No Valor, o governo promete para a semana que vem o envio ao Congresso do “novo Pró-Brasil”, agora sob comando de Guedes e que vai incorporar a agenda da equipe econômica (https://glo.bo/3j4uw94) — parte dos pontos mencionados, inclusive, já está prevista no relatório que o Senado prepara para a PEC do Pacto Federativo. A seguir essa linha, será necessário cuidado para não desfazer a articulação que já estava em curso.

Internacional

Covid-19: Segundo a OMS, são 22.256.220 casos confirmados e 782.456 óbitos (https://bit.ly/3ge3REZ). 

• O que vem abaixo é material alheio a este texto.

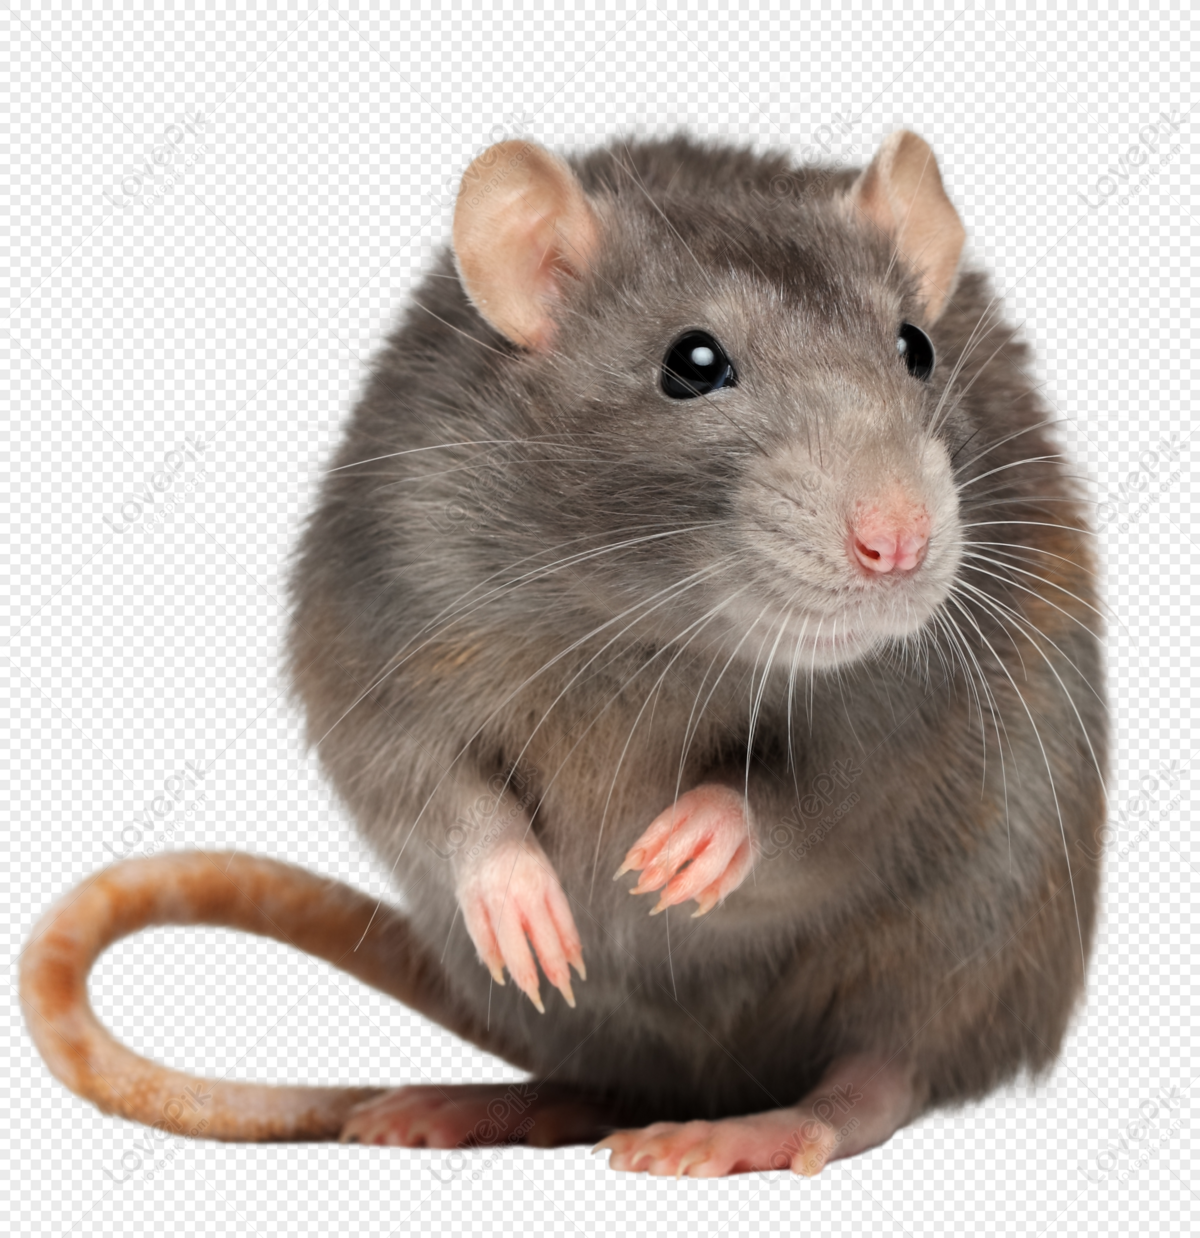 Hd Mouse PNG Hd Transparent Image And Clipart Image For Free ...
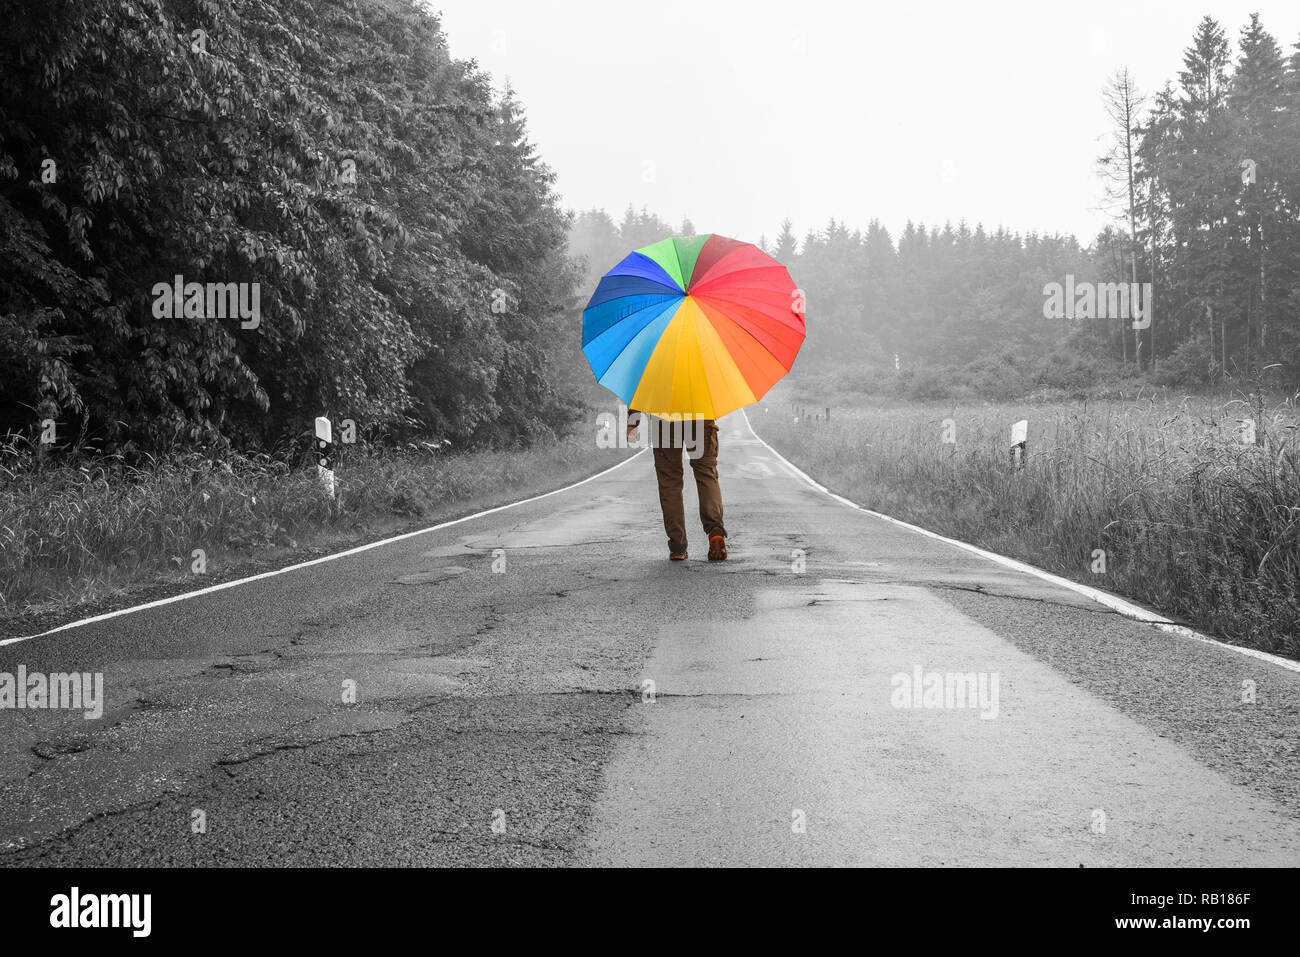 person with big colored umbrella walking on a road, monochrome view Stock Photo

Donald Trump anunciou que, se for reeleito, estuda incentivos fiscais para que empresas tragam empregos de volta do exterior e tarifas sobre as que não aderirem (https://bloom.bg/2Q8fxym). 

No Judiciário, Trump enfrentou desafios: um tribunal federal rejeitou recurso para impedir que procuradores de Nova York tenham acesso às suas declarações de imposto de renda. O presidente deve apresentar recurso novamente (https://glo.bo/2CKRvX0). E seu ex-conselheiro Steve Bannon foi preso por desvio de fundos de uma campanha de arrecadação para a construção do muro na fronteira com o México (https://glo.bo/3hgZYA5). 

Na seara eleitoral, Joe Biden aceitou oficialmente a nomeação como candidato do Partido Democrata (https://on.wsj.com/2E6LB3k).

Hoje é o 599° dia do governo Jair Bolsonaro.

Hoje é o 163° dia da pandemia de Covid-19.

Faltam 86 dias para as eleições municipais.

Faltam 74 dias para as eleições nos EUA.